We are aware, of course, that the claimant now argues that the PALJ's erred in striking the application for hearing. The claimant thus argues that he misunderstood the nature of his penalty claim against Anctil and the respondents, by assuming that Anctil had not completed her vocational evaluation and should be given an opportunity to do so prior to defending a penalty claim. The claimant further argues that the PALJ erred because the penalty claim was based upon Anctil's conduct prior to the respondents' filing of a final admission of liability and that, therefore, nothing that she did after that time is relevant to the penalty claim. Assuming, without deciding, that the claimant is correct and the PALJ did err or abuse his discretion in that respect, that merely goes to the correctness of the order. (We note that the propriety of the PALJ's order is not now before us. Rather, as noted, this appeal presents only the question whether ALJ Friend erred in dismissing the petition to review the PALJ's order.) That the PALJ may have erred or abused his discretion does not bestow upon his order finality in order to permit us to review it. Rather, as noted, the order is properly reviewed by an OAC ALJ in connection with a hearing. See Industrial Claim Appeals Office v. Orth, 965 P.2d 1246 (Colo. 1998) (PALJ orders relating to a prehearing conference are reviewable by an ALJ at a hearing). We therefore conclude that ALJ Friend did not err in dismissing the petition to review the PALJ's order.

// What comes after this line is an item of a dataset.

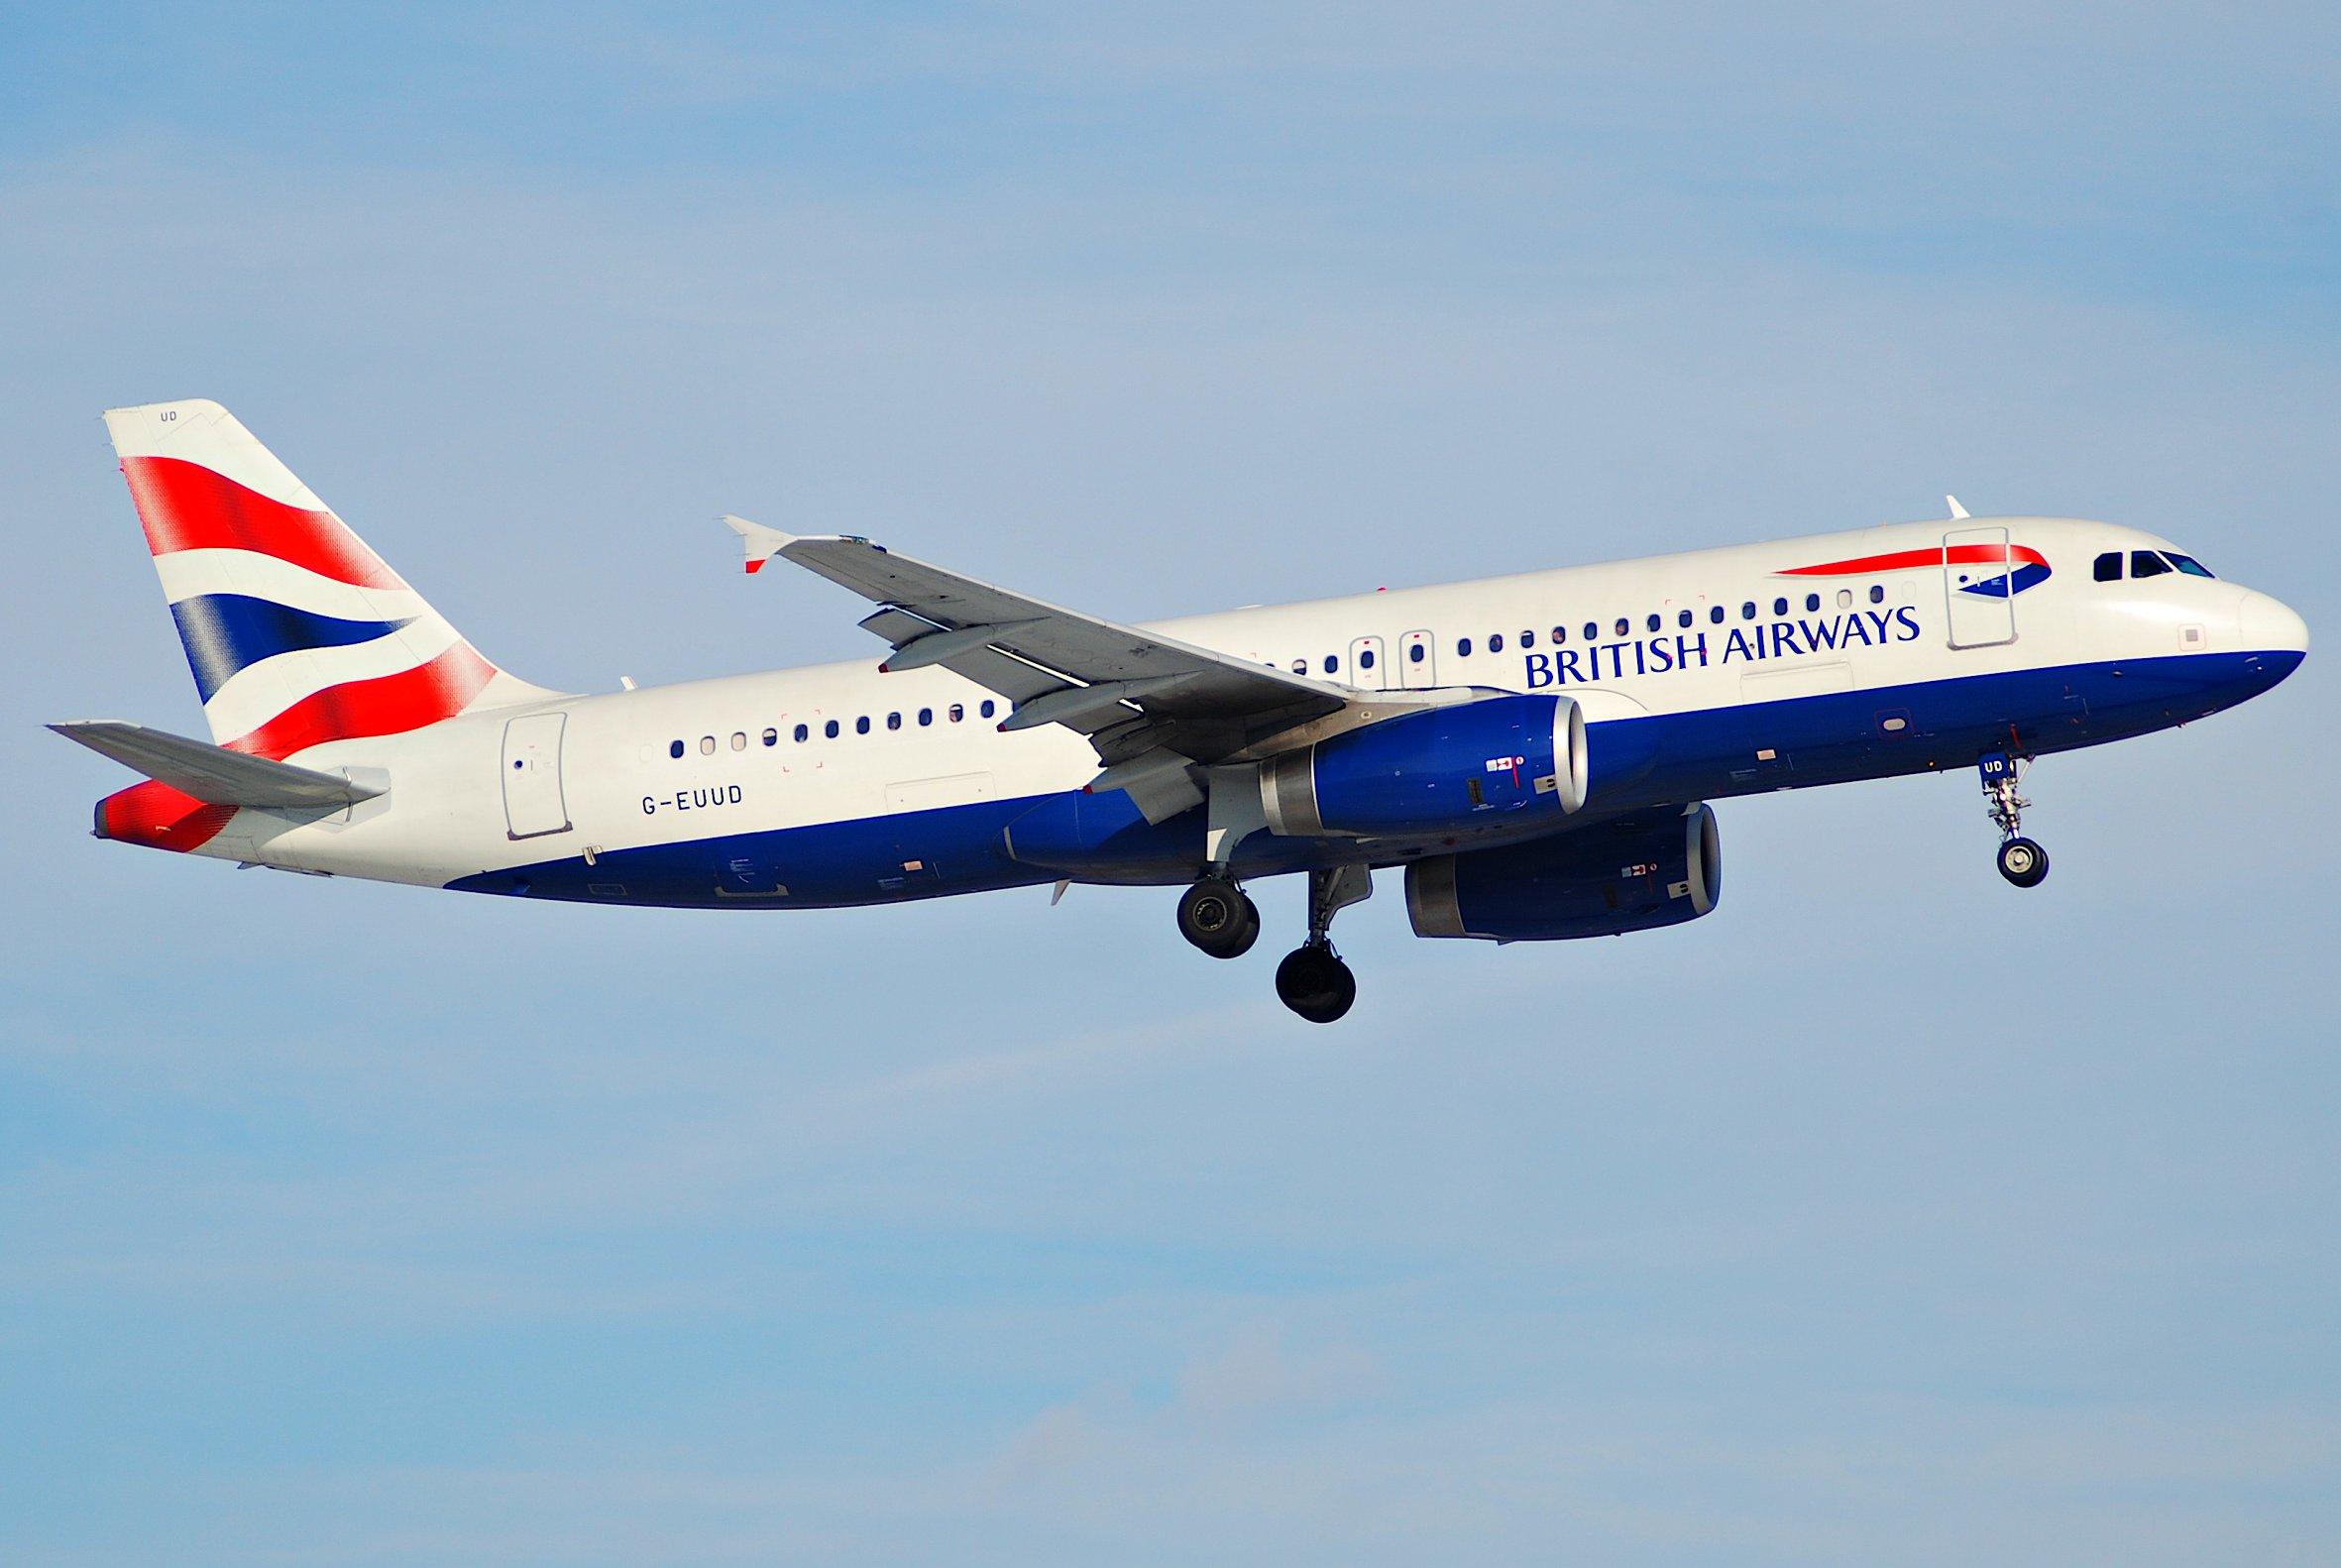 Un drone a percuté un avion de ligne en Angleterre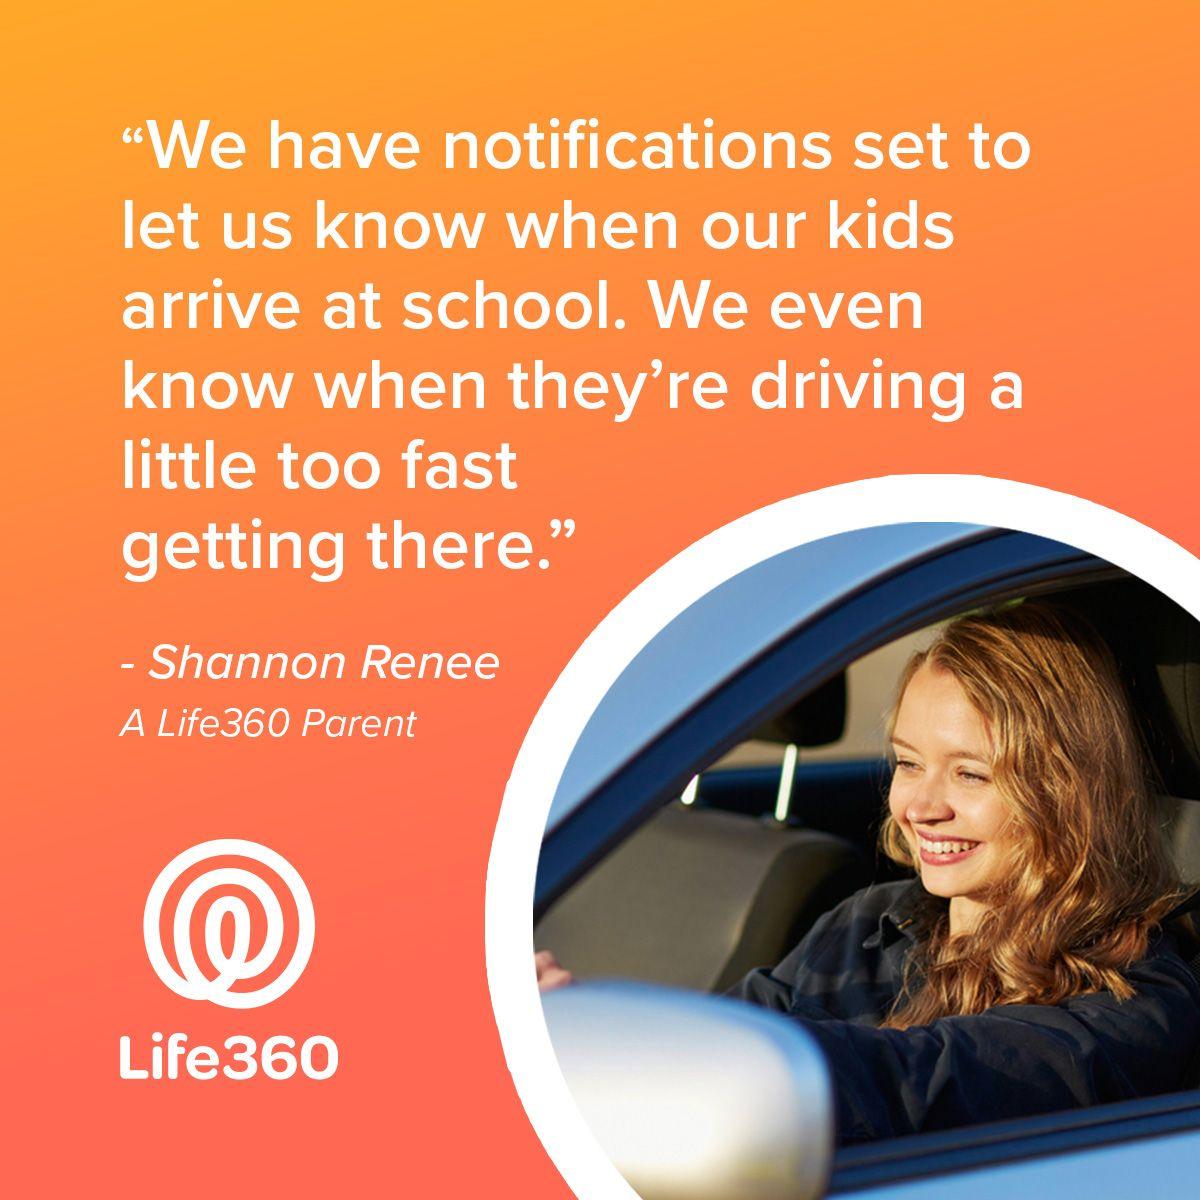 Life360 on Twitter:

The claimant has also moved to strike the respondents' brief and the attachments, which the claimant characterizes as an "unauthorized supplementation" of the record. We deny the motion to strike the brief. However, in adjudicating this appeal we have referred only to the arguments of the parties and the record as it was certified to us by OAC. We have not referred to attachments to the briefs, which may not substitute for materials properly included in the record. IT IS THEREFORE ORDERED that the ALJ=s order dated February 27, 2007, is affirmed.
INDUSTRIAL CLAIM APPEALS PANEL
_______________________ Curt Kriksciun
_______________________ Thomas Schrant
Steven U. Mullens, Esq, Colorado Springs CO, (ForClaimant).
Margaret Bauder Garcia Esq., Ritsema Lyon, P.C., Denver CO (For Respondent).
Lisa Watkins/Joe Atkinson, Mid-Century Insurance Company, Denver CO, Ronald Nemirow, Esq., Denver CO, Scott Nixon, Esq., Greenwood Village CO. Steven Picardi, Esq., Denver CO, Lori M. Moore, Esq., Colorado Springs, CO.